On 3/12/20 4:54 PM, Dalon L Westergreen wrote: [...]
(thanks for fixing your mailer :))
The problem was that this was causing weird sporadic hangs on Gen5, which is why it was removed. So until there is an explanation for those hangs, I'm not really OK with this.
These sporadic hangs you saw were on devices without an FPGA image directly accessing the SDRAM ports, right?
Yes
Maybe the application of static config should happen in SPL, before the DRAM is running, or something like that ?
Thinking this further, limiting it to applying in SPL is not a good idea since that prevents us from implementing different FPGA images/configs by loading a config later in the boot (i.e. in U-Boot from a FIT-image).
Well, but later we have SDRAM running and we cannot make it go idle, can we?
Unfortunately the sdram cfg apply must occur AFTER the fpga is configured. This is because the FPGA drives configuration bits, around the interfaces datawidth for example, that are used in setting up the dram interface. I believe the intent is for the command to only run when the ridge enable function is called.
So that's one part of the fix -- only run this apply_static_cfg if the bitstream uses the F2S bridge.
Would it work to make setting this optional, i.e. only write the bit if an FPGA config actually uses these ports?

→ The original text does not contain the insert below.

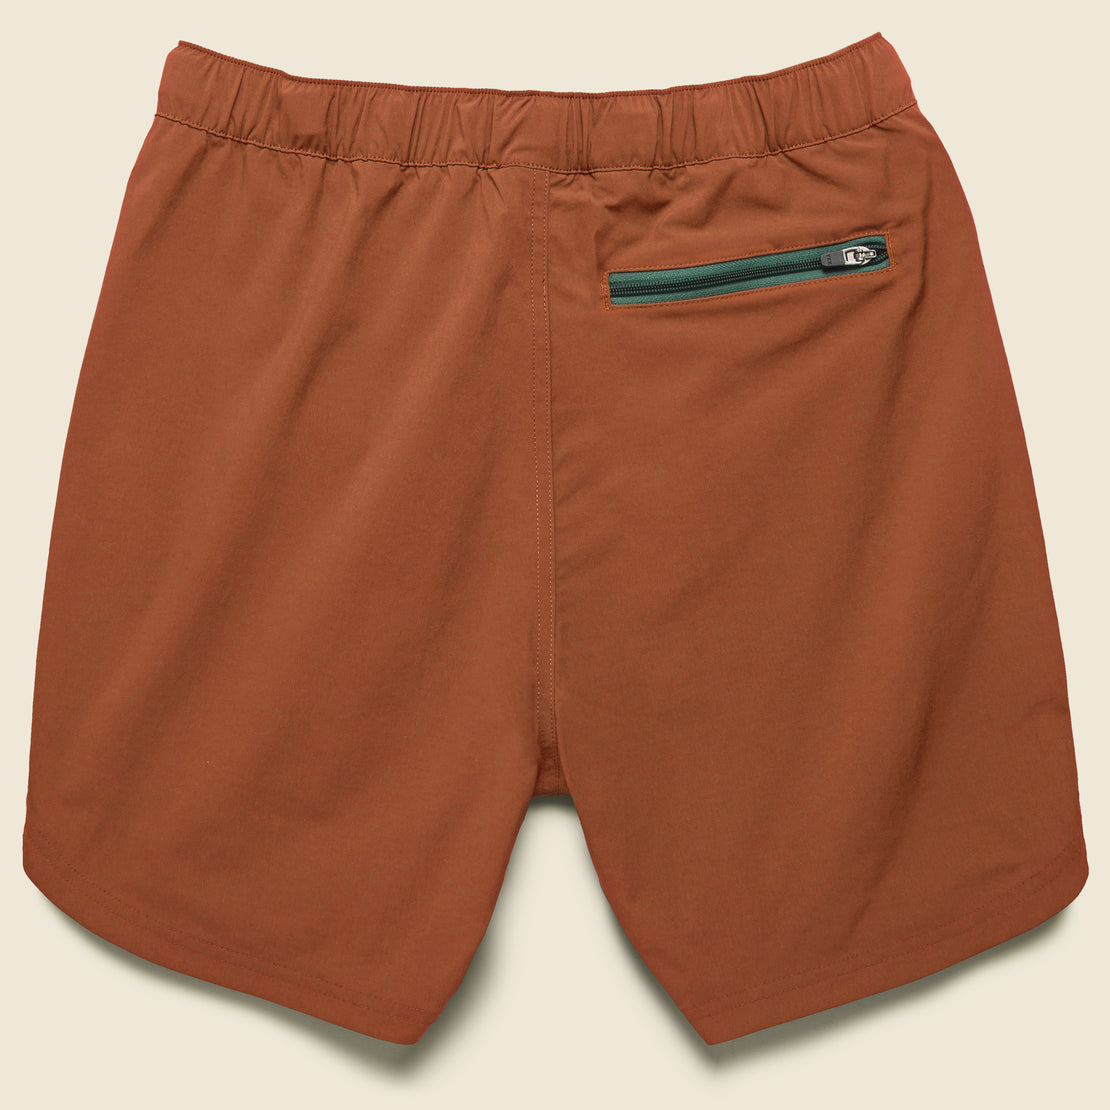 River Shorts - Brick - Topo Designs - STAG Provisions - Shorts - Solid

Then it couldn't lead to problems on other hardware...
Can you make SDRAM bus really idle ?
From the CPU side, that should work, no? Of course you have to make sure no other peripheraly (including FPGA!) are using the RAM.
And if this would be an explicit command, people needing this could experiment with it - and hopefully give better hints as to what's going wrong if we *do* see problems again.
Maybe altera has something hidden somewhere in the bus tunables ? :)
The only trick i am aware of, and Ley Foon, please comment, is isolating relevant code to the caches before executing.
How do you make sure some DMA doesn't do something funny or some pending write doesn't trigger DRAM write ? There is more than the CPU that can access the DRAM and cause bus traffic.